(Task details)
Give back every line of the data exactly. Pictures are not part of the copy.

Top of Data section

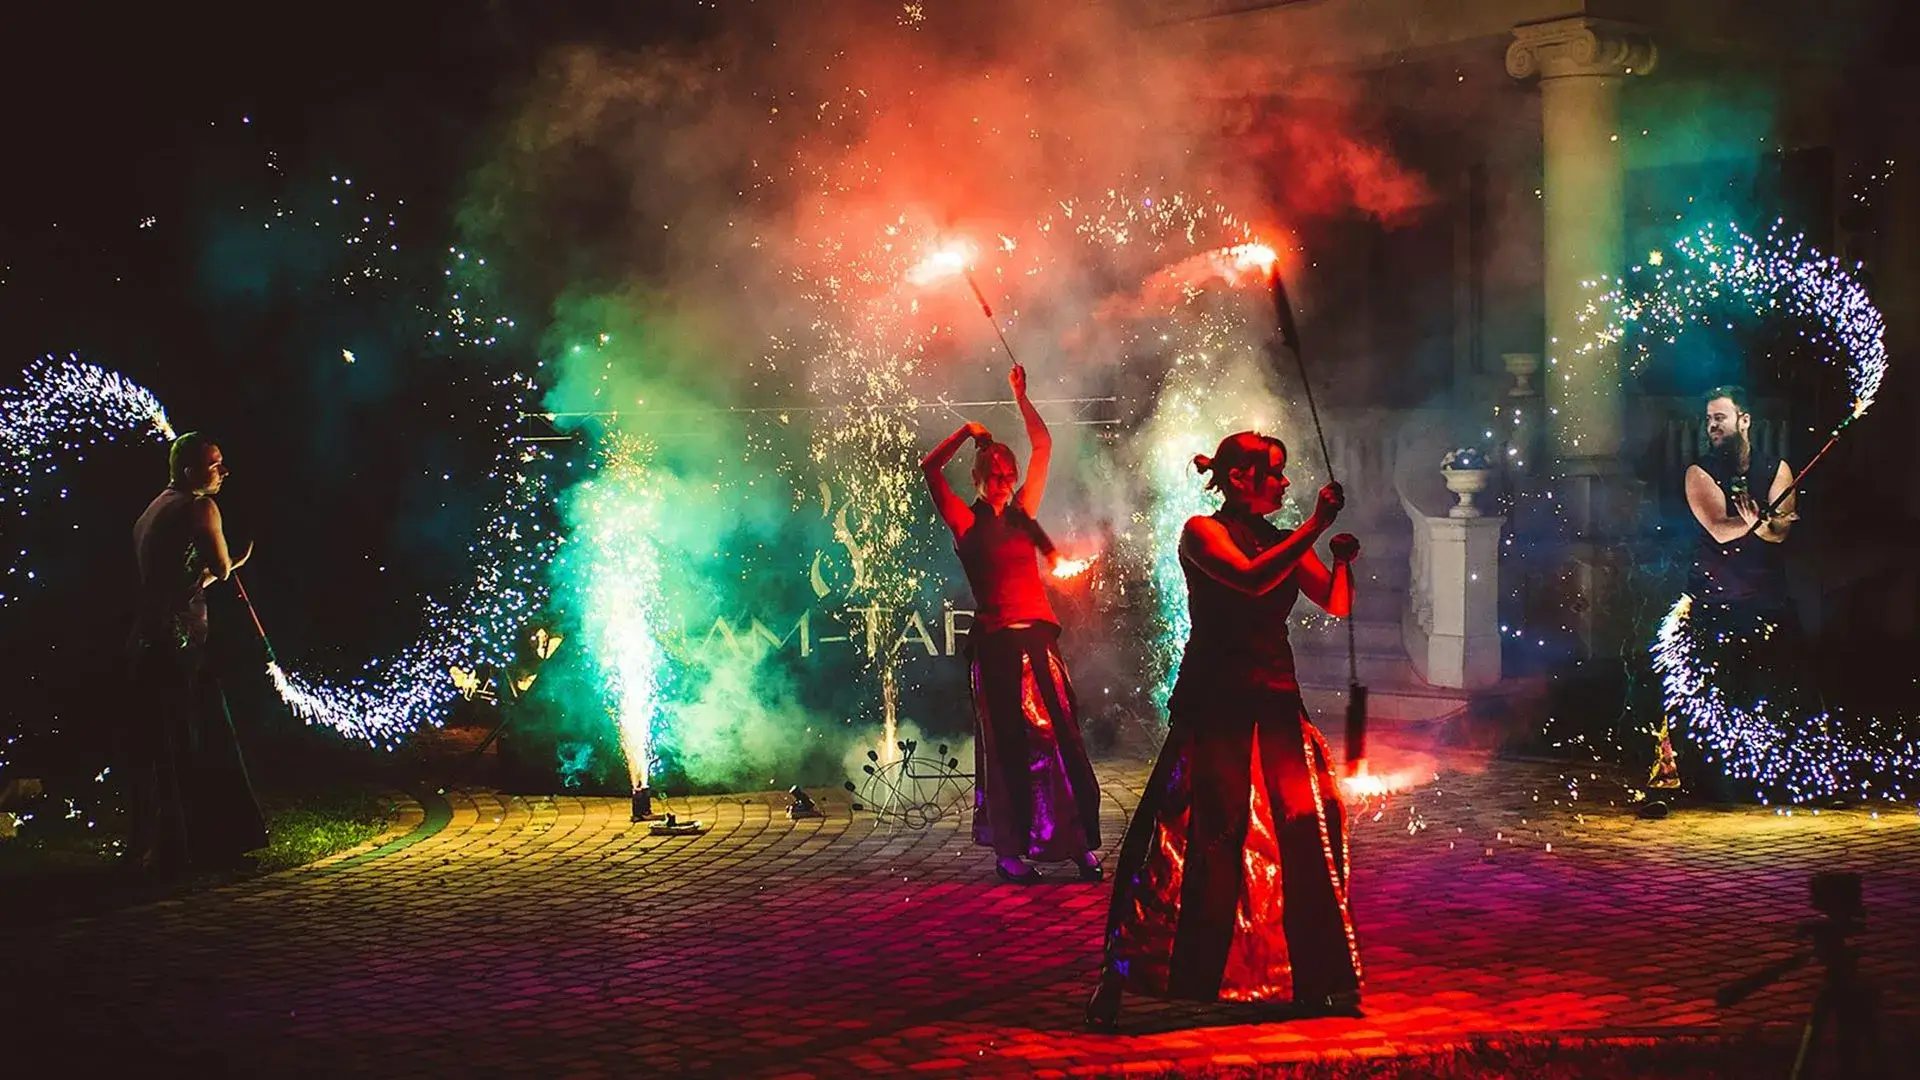 tancerze ognia wykonujący taniec z kolorowymi efektami pirotechnicznymi
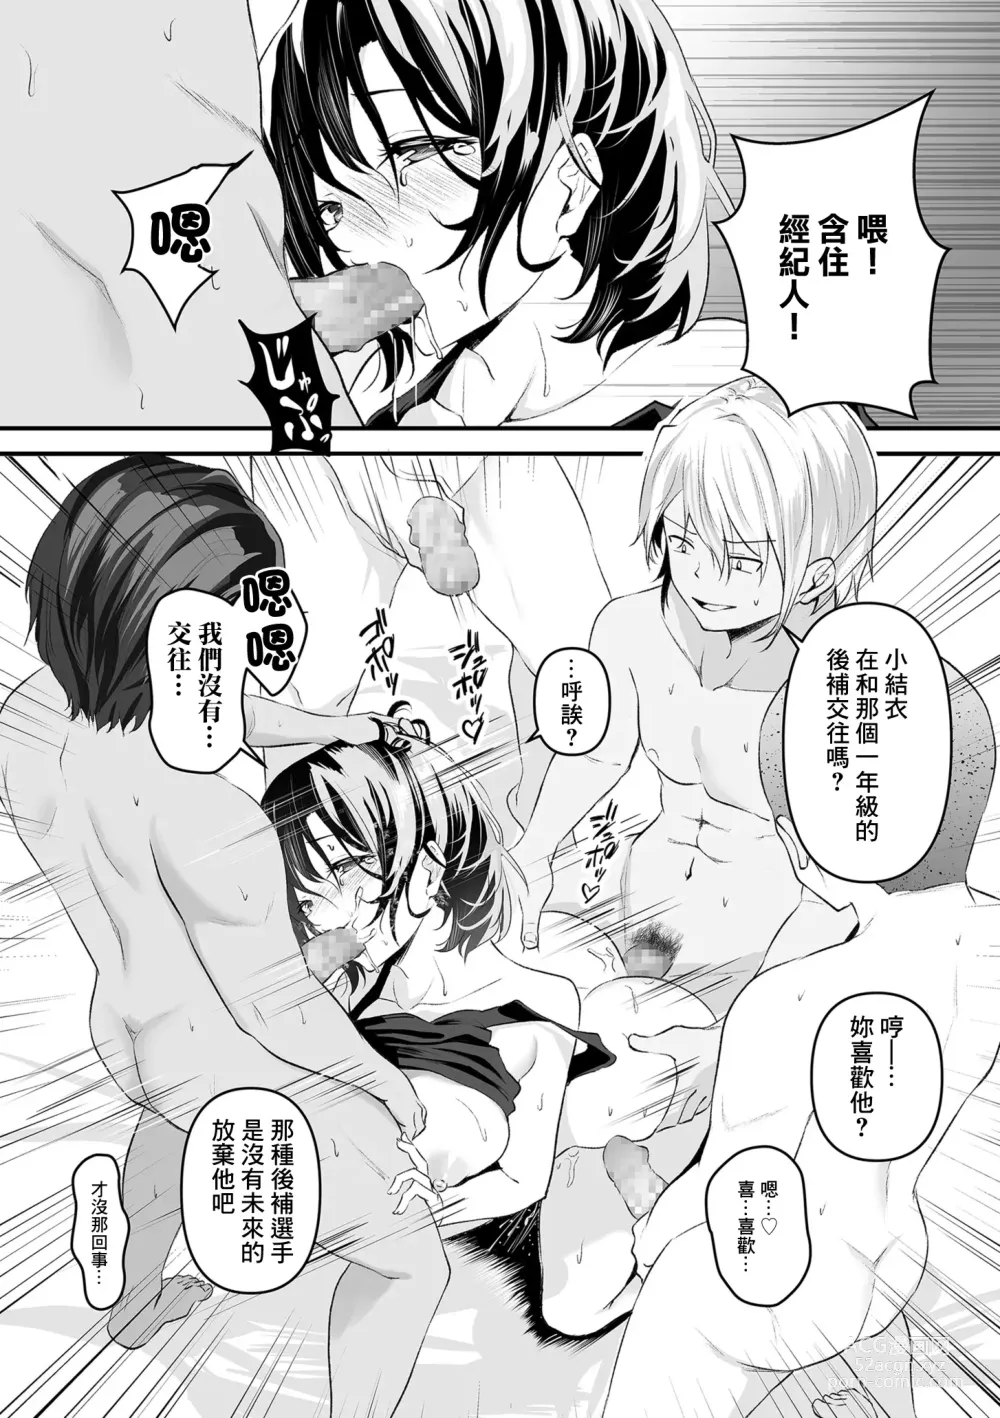 Page 7 of manga 集訓手淫對象
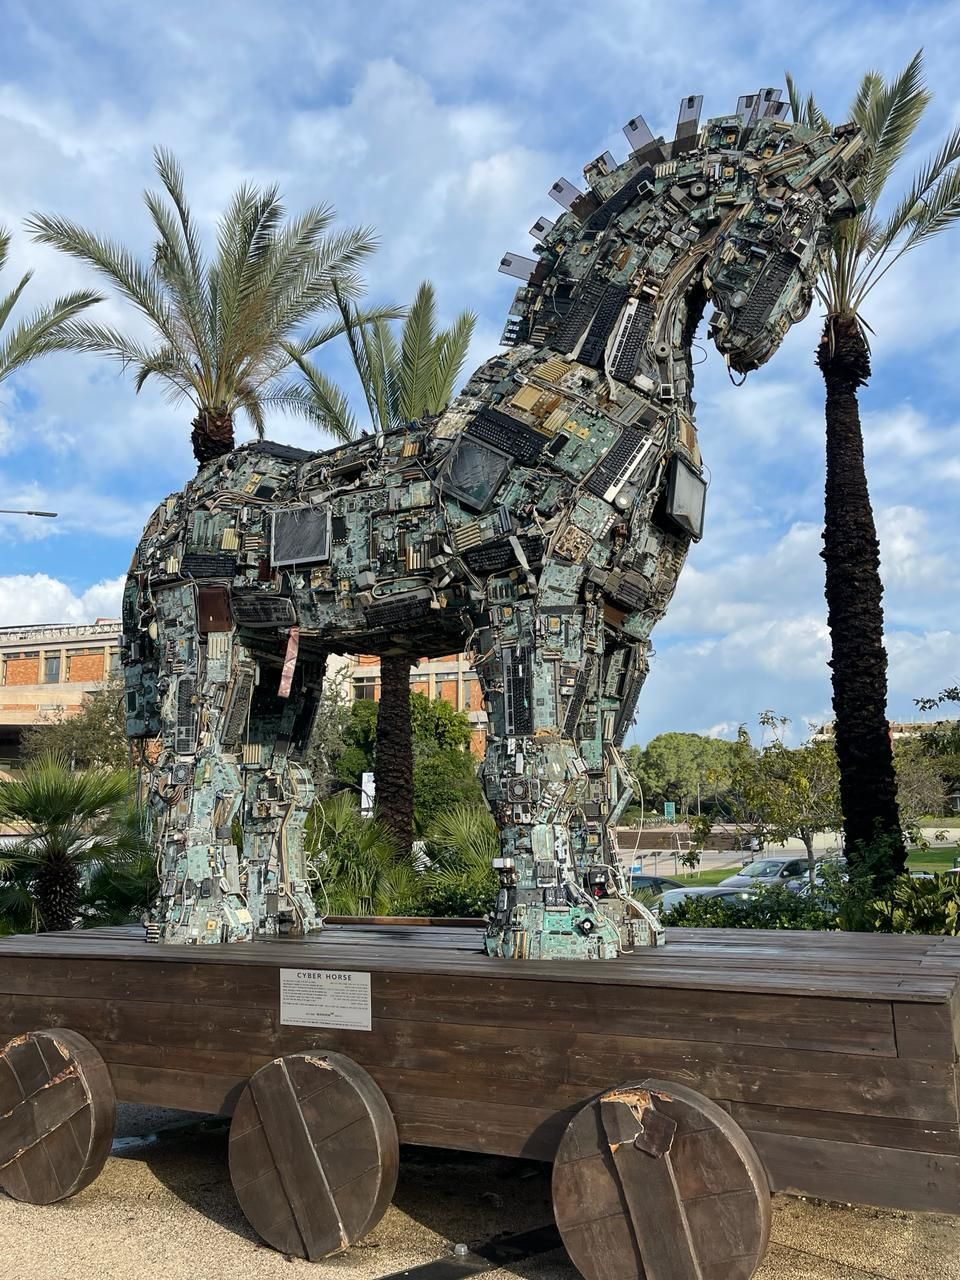 Το υπερμεγέθες άλογο, που είναι "χτισμένο" με υλικά από ξεπερασμένους ηλεκτρονικούς υπολογιστές, υποδέχεται τους φοιτητές έξω από το Πανεπιστήμιο του Τελ Αβίβ. Ο τίτλος του έργου είναι "Ψηφιακός Ίππος" (Cyber Horse), ωστόσο σε μία αληγορική ερμηνεία θα μπορούσε να είναι και ένας Δούρειος Ίππος, καθώς η Τεχνητή Νοημοσύνη εισβάλει στη ζωή μας με πολλούς τρόπους, χωρίς απαραίτητα να το γνωρίζουμε. Στην περίπτωση του Ισραήλ, αποτελεί και "εργαλείο" ενός πολέμου που διεξάγεται με πολλούς τρόπους. Στο πεδίο της μάχης με στόχους που εντοπίζονται με χρήση ΑΙ (Artificial Intellignece), αλλά και στο Διαδίκτυο όπου η Τεχνητή Νοημοσύνη χρησιμοποιείται για την κατασκευή fake news, αλλά και για τον εντοπισμό τους. (Τελ Αβίβ, 5 Φεβρουαρίου 2024).

Bottom of Data section

(Solution to this problem)
 tancerze ognia wykonujący taniec z kolorowymi efektami pirotechnicznymi
 Page 7 of manga 集訓手淫對象
 Το υπερμεγέθες άλογο, που είναι "χτισμένο" με υλικά από ξεπερασμένους ηλεκτρονικούς υπολογιστές, υποδέχεται τους φοιτητές έξω από το Πανεπιστήμιο του Τελ Αβίβ. Ο τίτλος του έργου είναι "Ψηφιακός Ίππος" (Cyber Horse), ωστόσο σε μία αληγορική ερμηνεία θα μπορούσε να είναι και ένας Δούρειος Ίππος, καθώς η Τεχνητή Νοημοσύνη εισβάλει στη ζωή μας με πολλούς τρόπους, χωρίς απαραίτητα να το γνωρίζουμε. Στην περίπτωση του Ισραήλ, αποτελεί και "εργαλείο" ενός πολέμου που διεξάγεται με πολλούς τρόπους. Στο πεδίο της μάχης με στόχους που εντοπίζονται με χρήση ΑΙ (Artificial Intellignece), αλλά και στο Διαδίκτυο όπου η Τεχνητή Νοημοσύνη χρησιμοποιείται για την κατασκευή fake news, αλλά και για τον εντοπισμό τους. (Τελ Αβίβ, 5 Φεβρουαρίου 2024).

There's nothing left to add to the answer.